# Just Got Dropped



## MP2050 (May 1, 2002)

Finally got low!!!!

The CAR looks about 100 times betta....but the RIDE needs to get aligned, balanced, and rotated......DAMN

Besides that what can I do about the rattling noise I hear when I am turning in or out to park....

ALSO wuz up with the Motivational site for the Koni bump stops and rear mounts ---Its down and I need to improve this ride quickly.

OH and BTW I know AROSPEED coils was not a good idea so I dont need to hear that....lol >>thanks


----------



## By Nature (Apr 30, 2002)

got pics? how much did you lower it? is the ride bouncy as hell? are you riding with stock shocks?


----------



## morepower2 (Apr 19, 2002)

MP2050 said:


> *Finally got low!!!!
> 
> The CAR looks about 100 times betta....but the RIDE needs to get aligned, balanced, and rotated......DAMN
> 
> ...


Lowering a B14 a lot is not a good idea. Unless you are in it for looks and don't care abut handling which is cool if that's what you are into.

The Koni bumpstops are to replace your stock bumpstops. In the B14 in the rear, you really need it because the factory bumpstops are just about bottomed when the car is lowered 1.5".

Mike


----------



## MP2050 (May 1, 2002)

since their coilovers I dont know exactly how low it is. Im thinking its about two inches. THe ride isnt really that boucy at all. Like I said MY alignment is off and I hear a loud rattling noise when I park but thats it.

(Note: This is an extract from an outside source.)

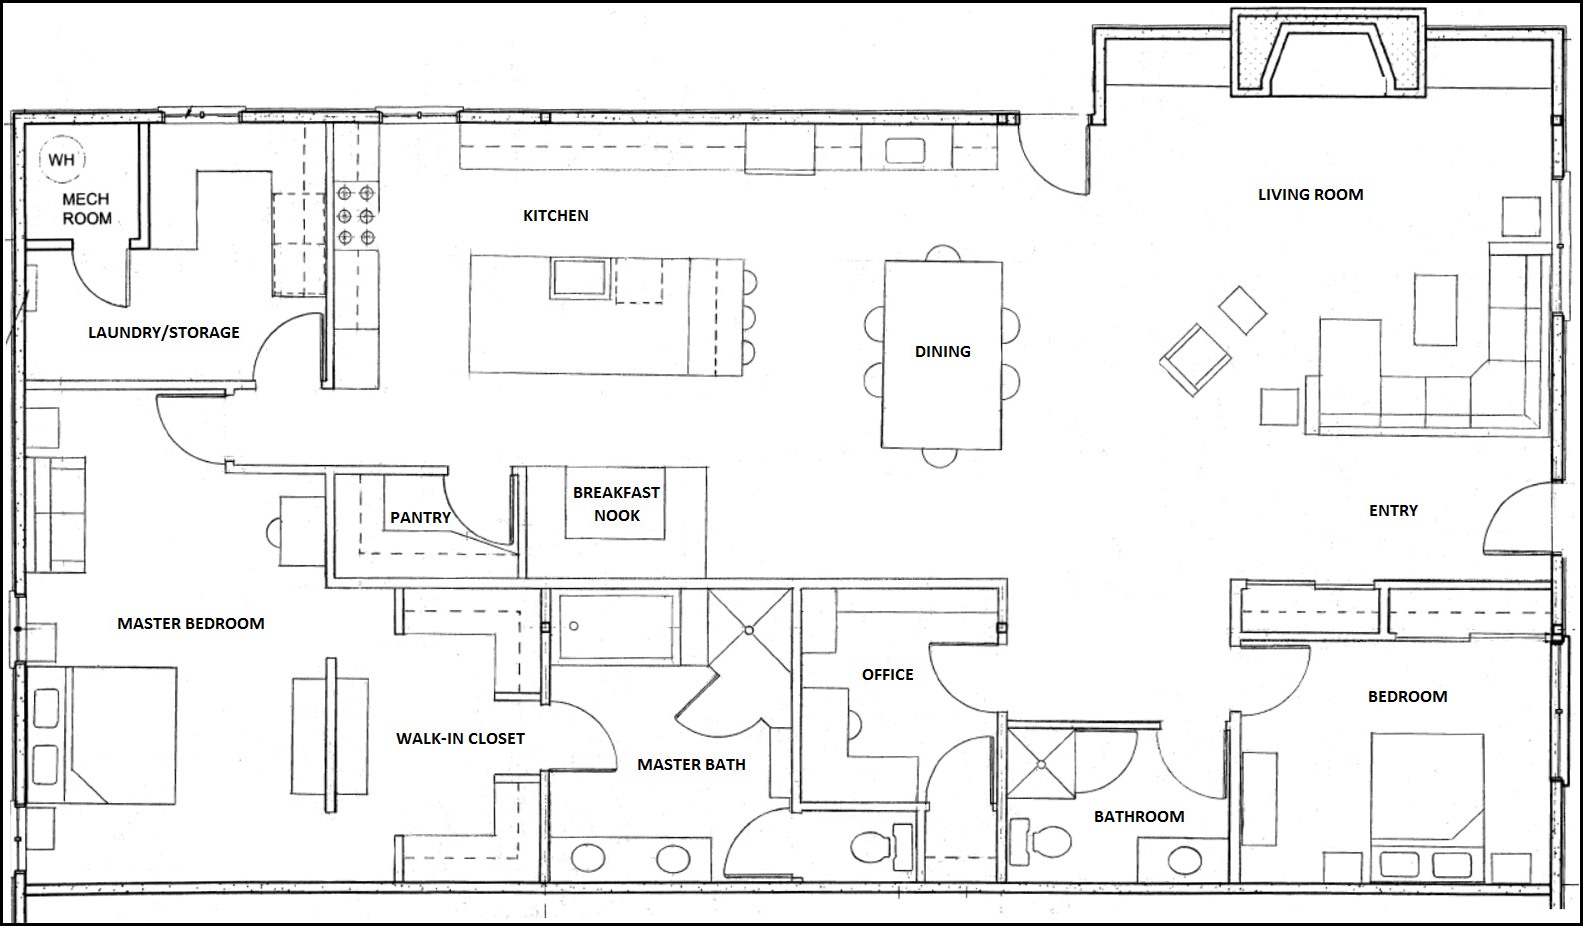 Google Sketchup Floor Plan Template Review Home Decor

I know I need the bump stops cuz every bump feels like IM bottoming out.

MY main concern is that noise right now......


----------



## morepower2 (Apr 19, 2002)

MP2050 said:


> *since their coilovers I dont know exactly how low it is. Im thinking its about two inches. THe ride isnt really that boucy at all. Like I said MY alignment is off and I hear a loud rattling noise when I park but thats it.
> 
> I know I need the bump stops cuz every bump feels like IM bottoming out.
> 
> MY main concern is that noise right now...... *


How did you attach the collars to the shock body?

Gotta have them tight or they will rattle like hell.

Mike


----------



## andre (Apr 30, 2002)

So Mike,
I plan to get some springs ...1.5" drop....are you saying I wont need to replace bump stops?


----------



## PhattyB13 (Apr 30, 2002)

post some pics man...


----------



## MP2050 (May 1, 2002)

Ill be posting soooon......I hope ---Ive been saying this for a looong while now.

Dont got my own digi


----------



## morepower2 (Apr 19, 2002)

andre said:


> *So Mike,
> I plan to get some springs ...1.5" drop....are you saying I wont need to replace bump stops? *


You don't absolutly have to but it helps. The Koni bumpstops are progressive and soft so bottoming out is way less harsh.

Mike


----------



## CLSo1A (May 2, 2002)

you got any pics??


----------



## andre (Apr 30, 2002)

Gracias


----------



## Classic XE (May 2, 2002)

*Hey Phatty*

What pedals are those? Does the gas pedal fit right? I bought some but the gas pedal is to long.


----------



## PhattyB13 (Apr 30, 2002)

Classic XE the pedals are jsut some cheap ones that my partn got me years ago.. hte have been inboth of my cars that I have owned....they fit really well....I think my parent got them from like GI JOes here in Oregon....I am goign to get some betters looking ones soon though... peace


----------



## LIUSPEED (May 29, 2002)

i plan on going for the eibach spring set for my lowering and KYB gas shocks. But just one question will my ride be extreme bumpy and wat are the bumpstops and where can i get them in Los Angeles County?


----------